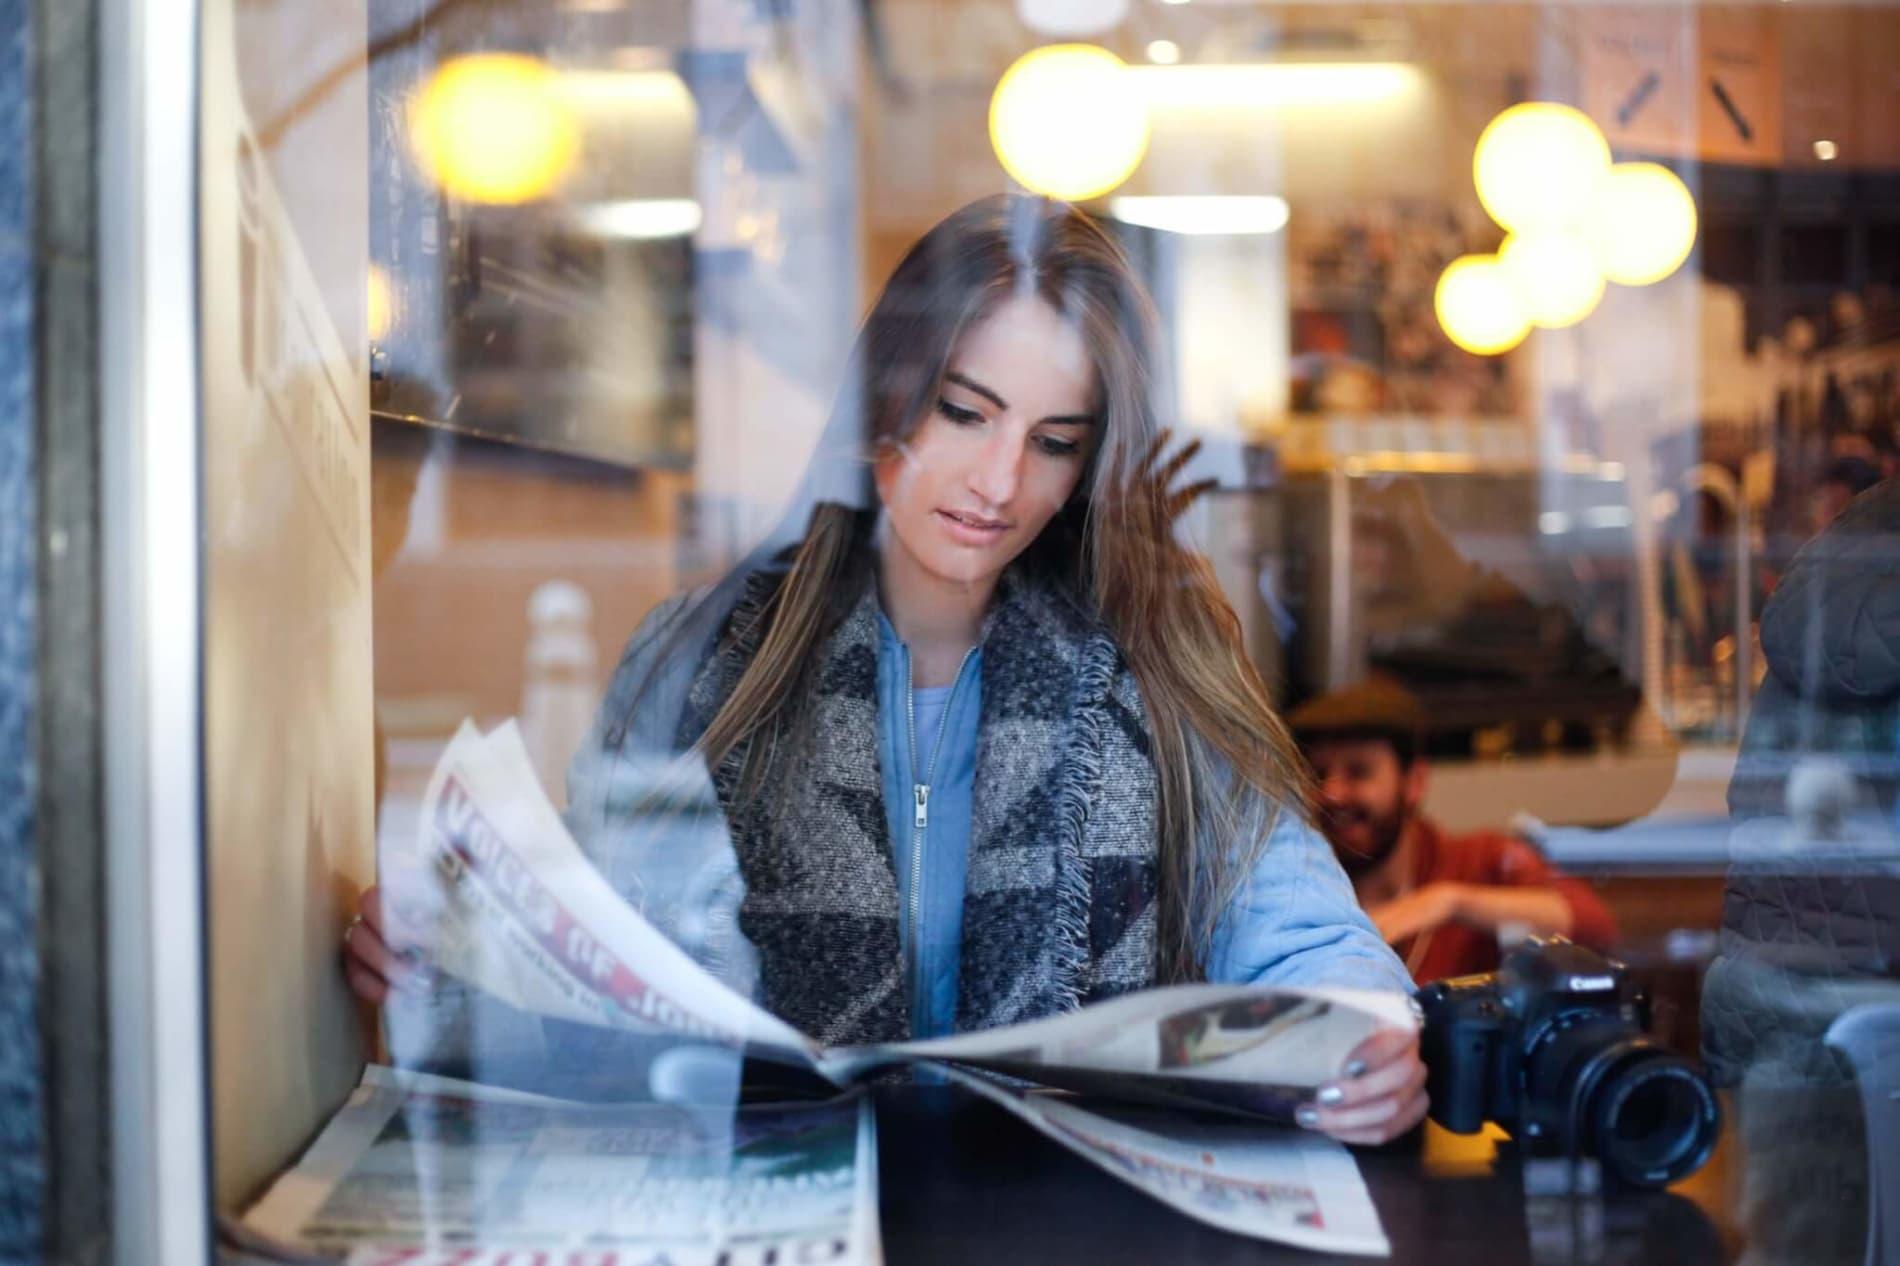 Hibob in the news: December's happy holiday headlines - keenan-constance-F7n6gixbJK0-unsplash.jpg
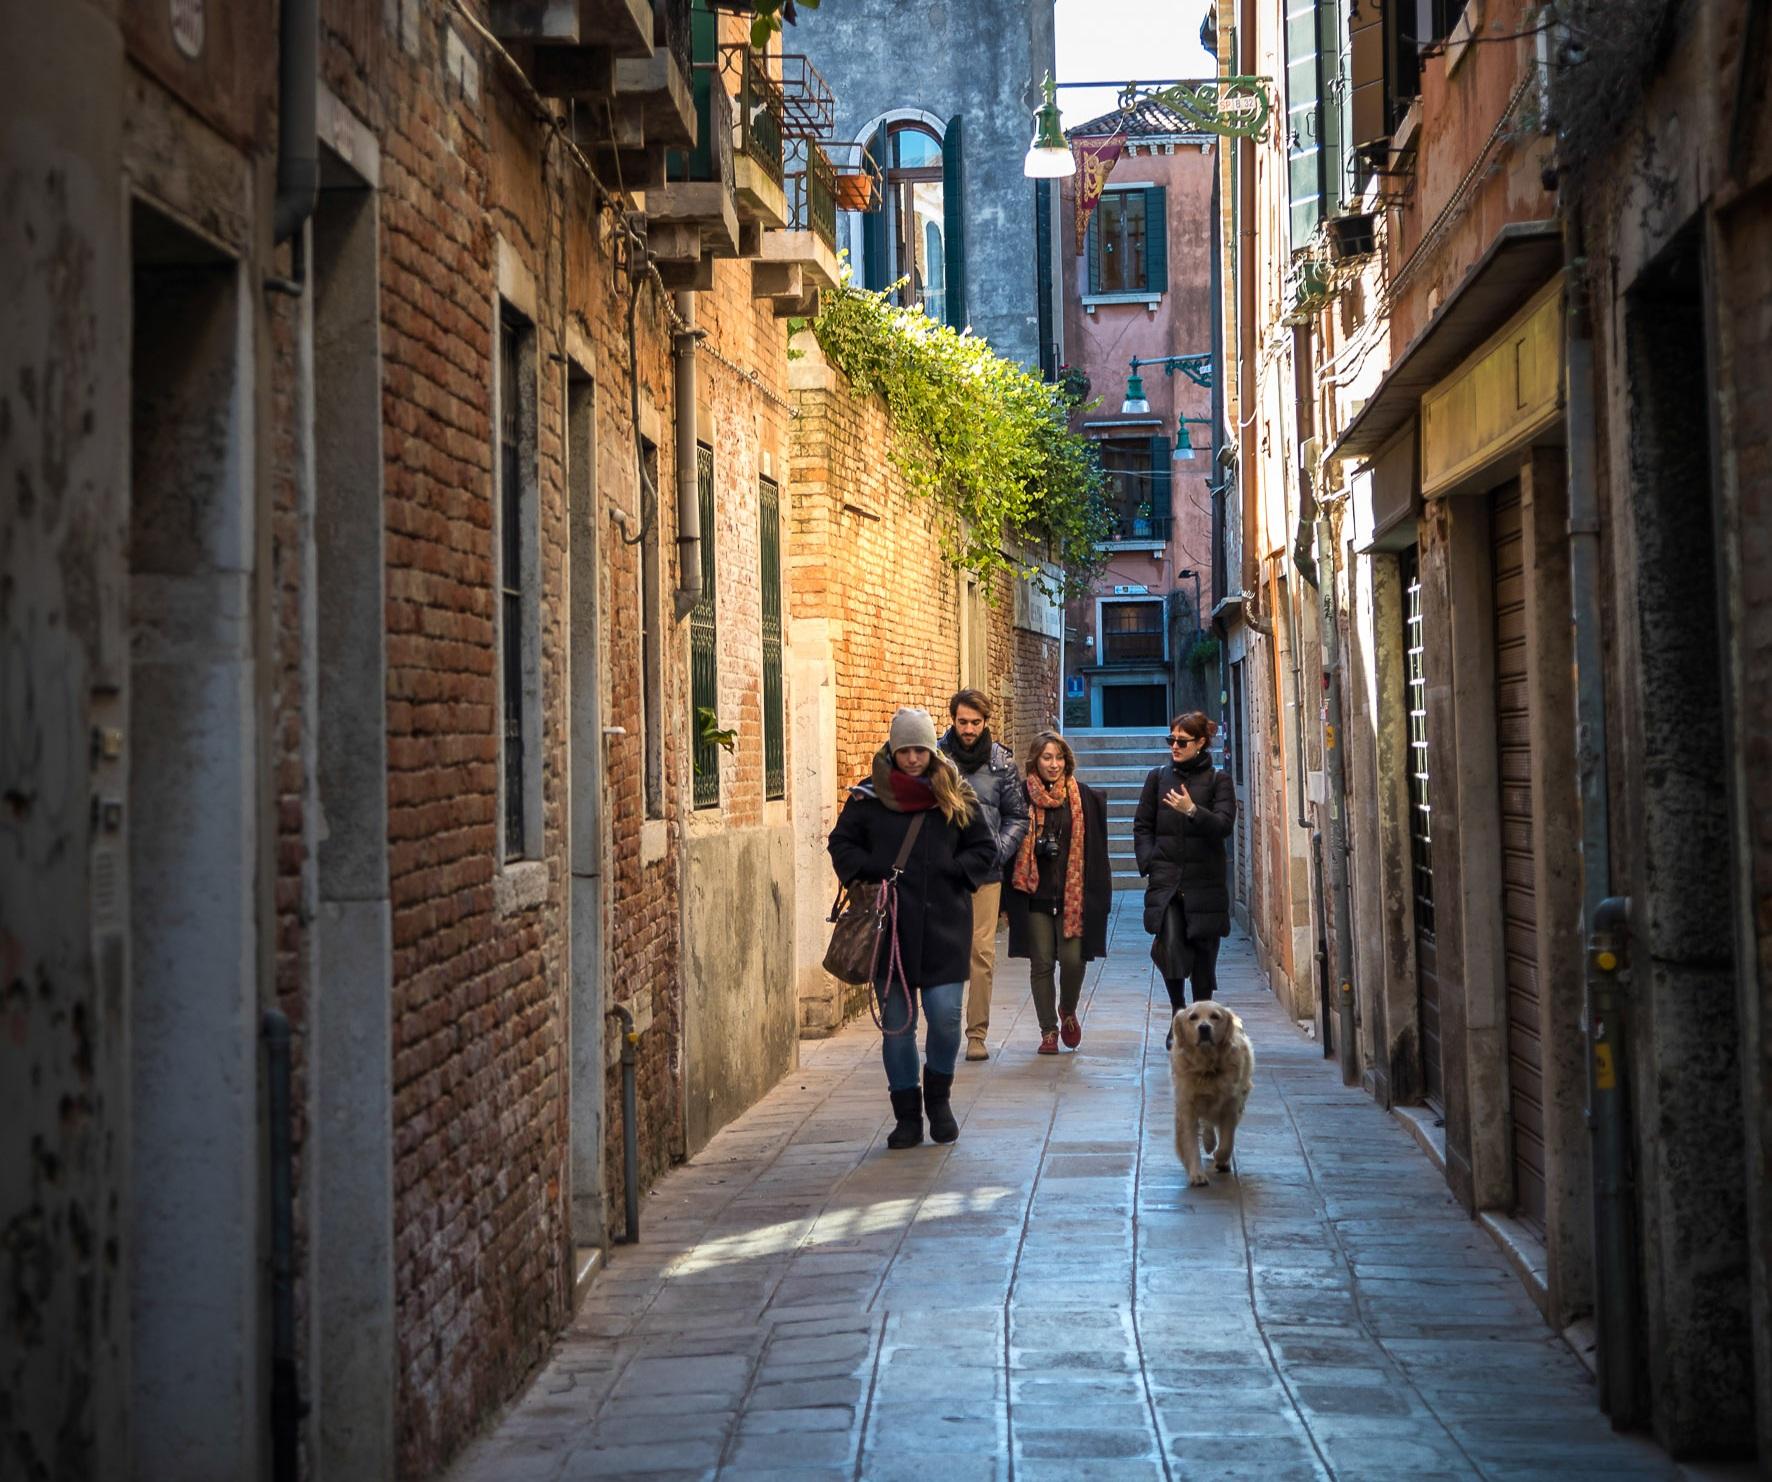 Travelers inside Venice lanes
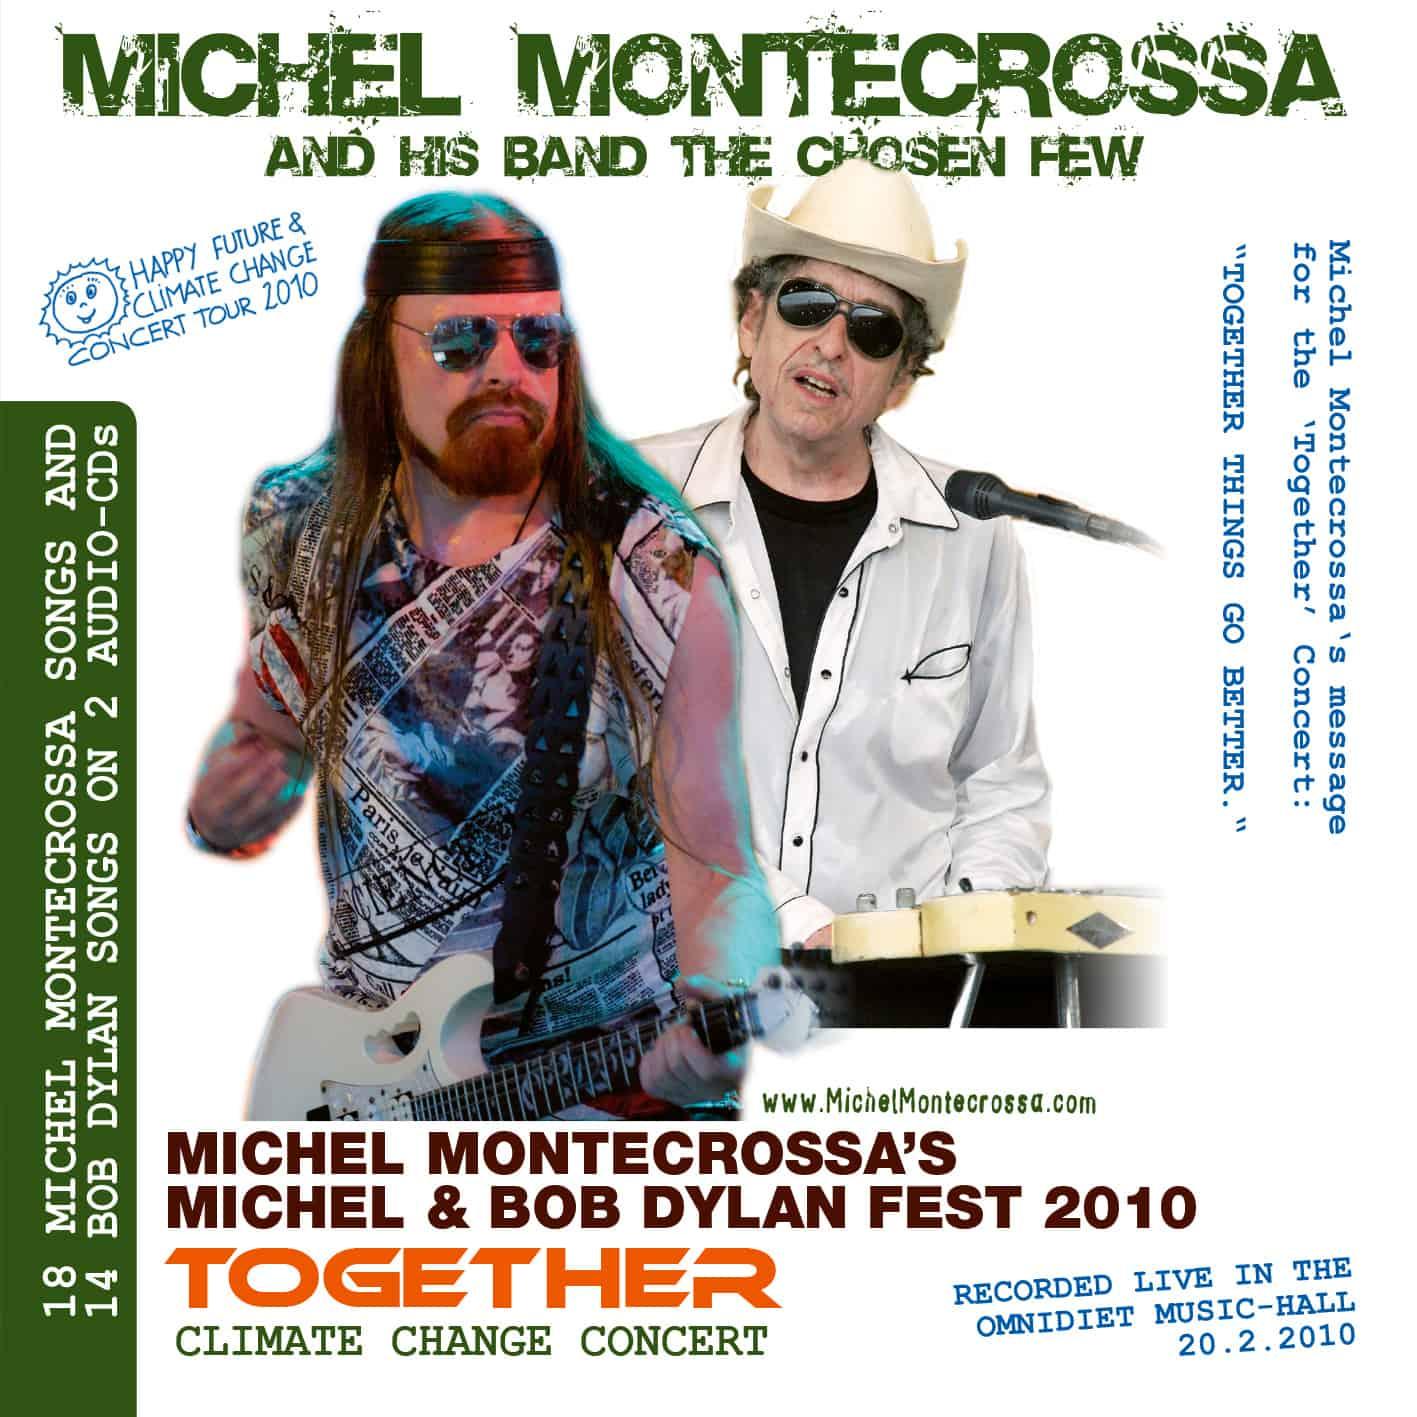 Together - Michel Montecrossa's Michel & Bob Dylan Fest 2010
• • • •
Exercise
Without the pictures, retype the whole of the material above exactly.

Response to this task
 Hibob in the news: December's happy holiday headlines - keenan-constance-F7n6gixbJK0-unsplash.jpg
 Travelers inside Venice lanes
 Together - Michel Montecrossa's Michel & Bob Dylan Fest 2010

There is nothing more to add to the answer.